Monday, January 22, 2007

Merger Between OSDL and FSG

OSDL (Open Source Development Labs) and FSG (Free Standards Group) will merge and form The Linux Foundation. The new organization accelerates the growth of Linux by providing a comprehensive set of services to compete effectively with closed platforms. Here's the press release:

* Includes more than 70 members from around the world
* Unified organization promotes, protects and standardizes Linux
* Continues to sponsor Linux creator Linus Torvalds

SAN FRANCISCO, January 22, 2007 — The two leading consortia dedicated to the advancement of Linux® – the Open Source Development Labs (OSDL) and the Free Standards Group (FSG) – today announced that they have signed an agreement to merge and form The Linux Foundation. The new organization accelerates the growth of Linux by providing a comprehensive set of services to compete effectively with closed platforms.

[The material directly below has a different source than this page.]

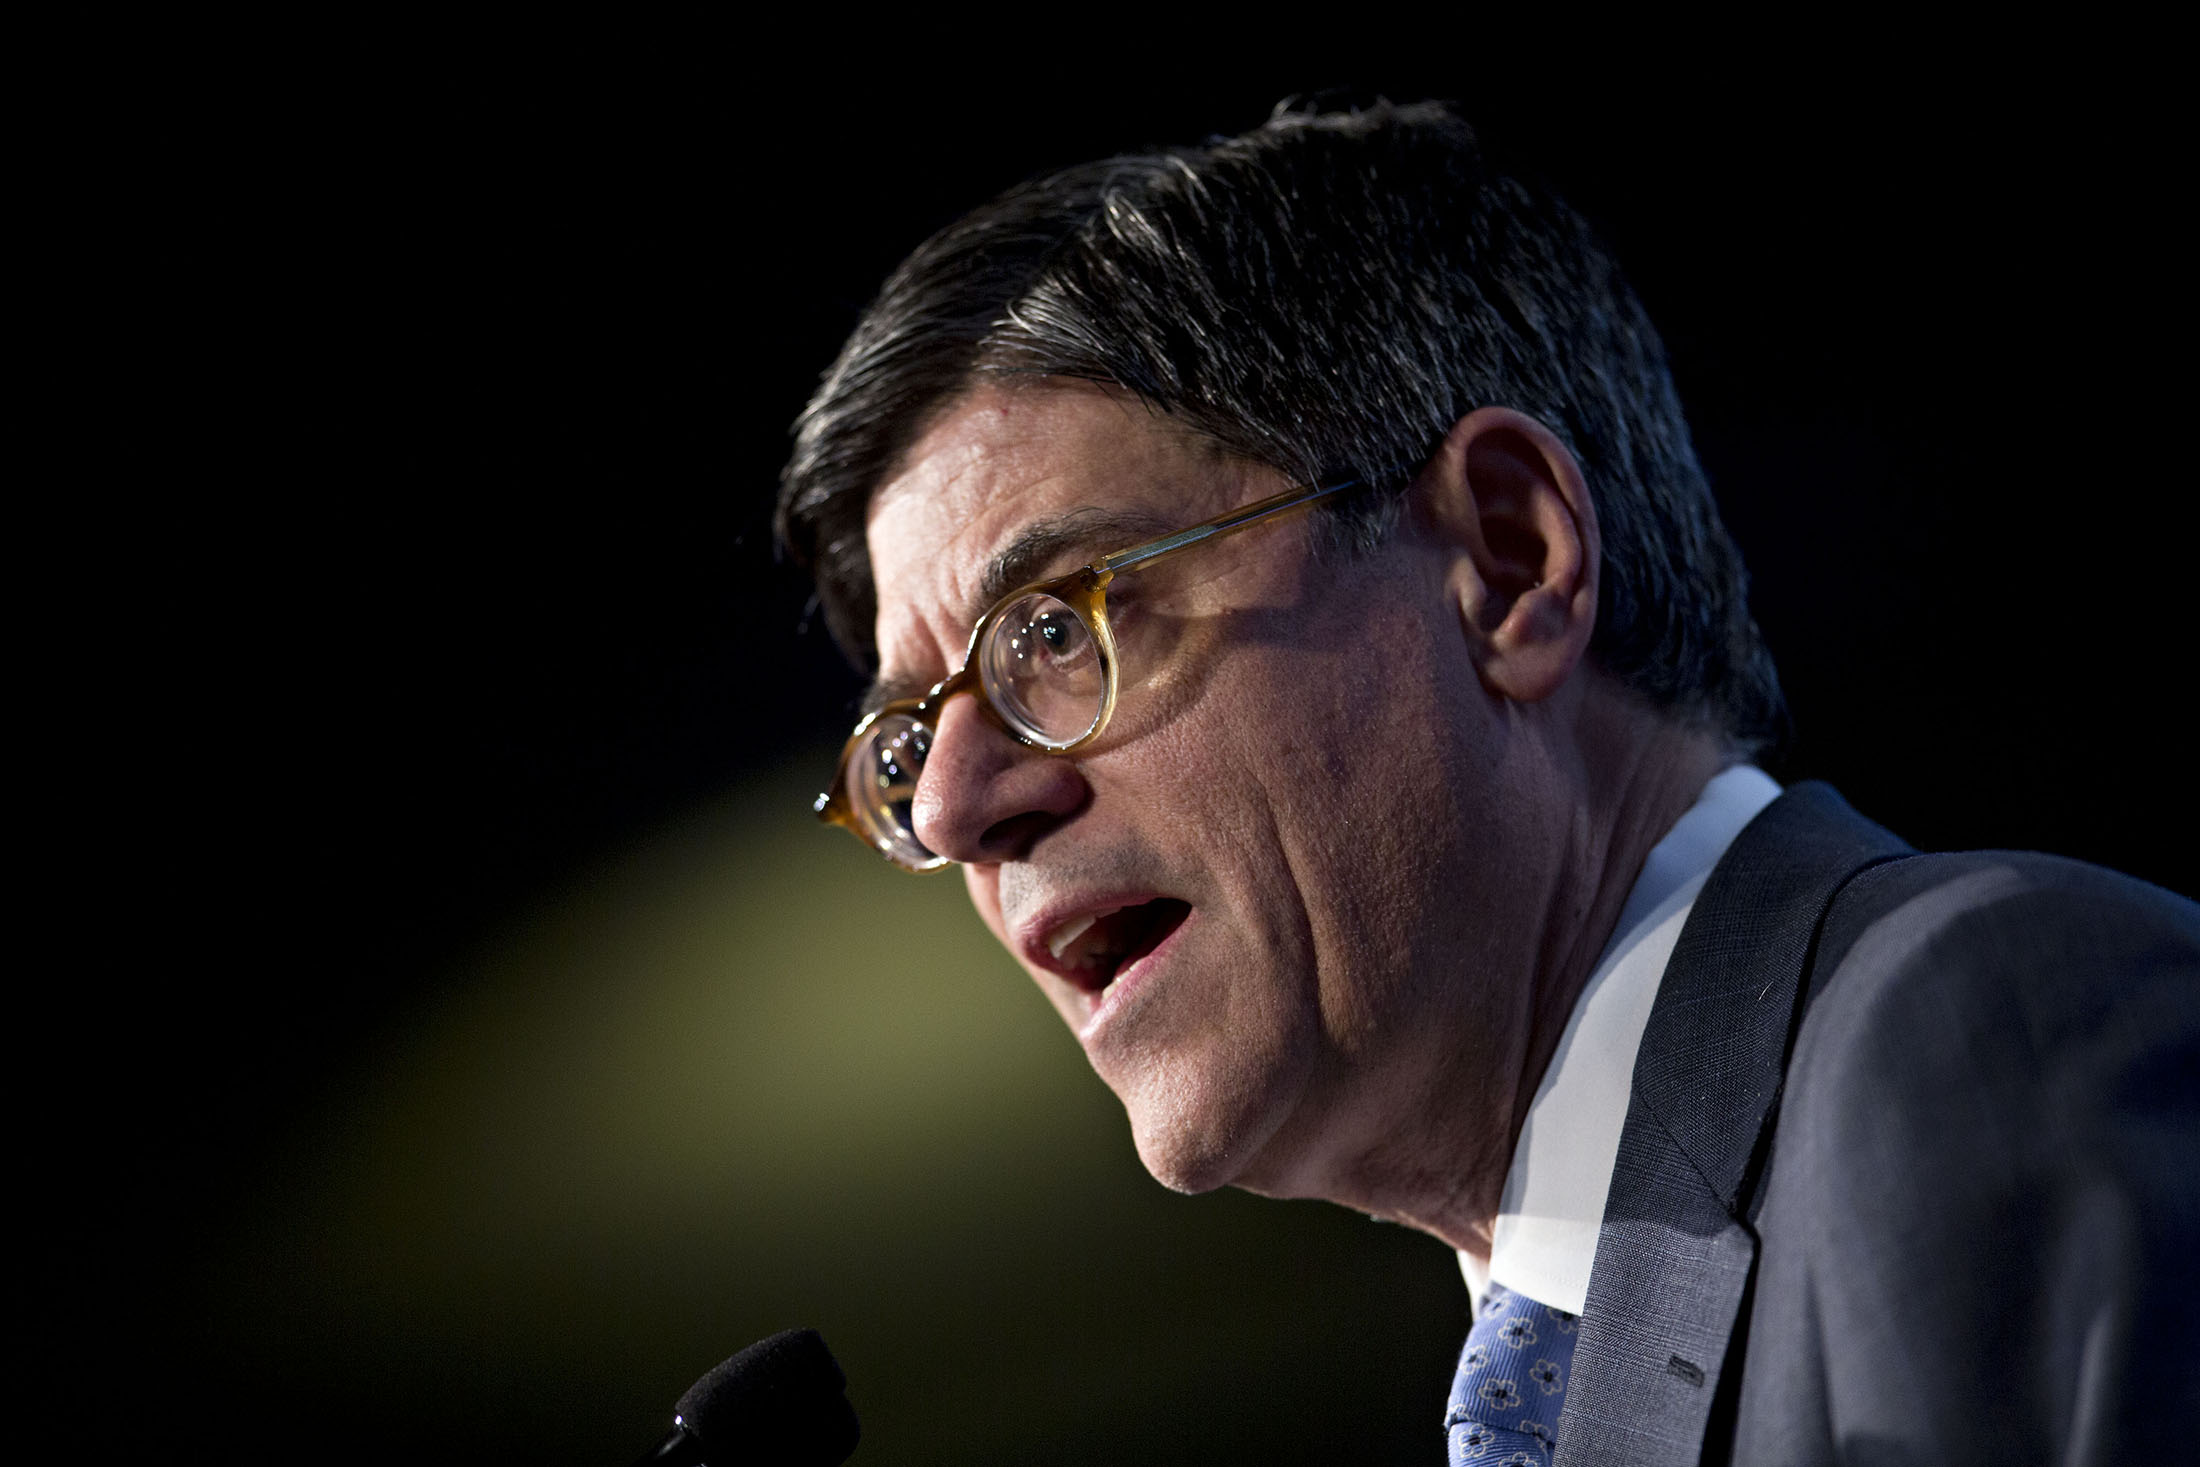 Jacob 'Jack' Lew, U.S. Treasury secretary, speaks at a news conference during the spring meetings of the International Monetary Fund (IMF) and World Bank in Washington, D.C., U.S., on Friday, April 15, 2016. Group of 20 economies threatened today to penalize tax havens that donÕt share information on their banking clients, after the leak of the Panama Papers provoked a global uproar over tax evasion.

Founding platinum members of the Linux Foundation include Fujitsu, Hitachi, HP, IBM, Intel, NEC, Novell, and Oracle. Jim Zemlin, former executive director of the Free Standards Group, leads The Linux Foundation. Other members of the new organization include every major company in the Linux industry, including Red Hat, as well as numerous community groups, universities and industry end users.

“Computing is entering a world dominated by two platforms: Linux and Windows. While being managed under one roof has given Windows some consistency, Linux offers freedom of choice, customization and flexibility without forcing customers into vendor lock-in,” said Zemlin. “The Linux Foundation helps in the next stage of Linux growth by organizing the diverse companies and constituencies of the Linux ecosystem to promote, protect, and standardize Linux.”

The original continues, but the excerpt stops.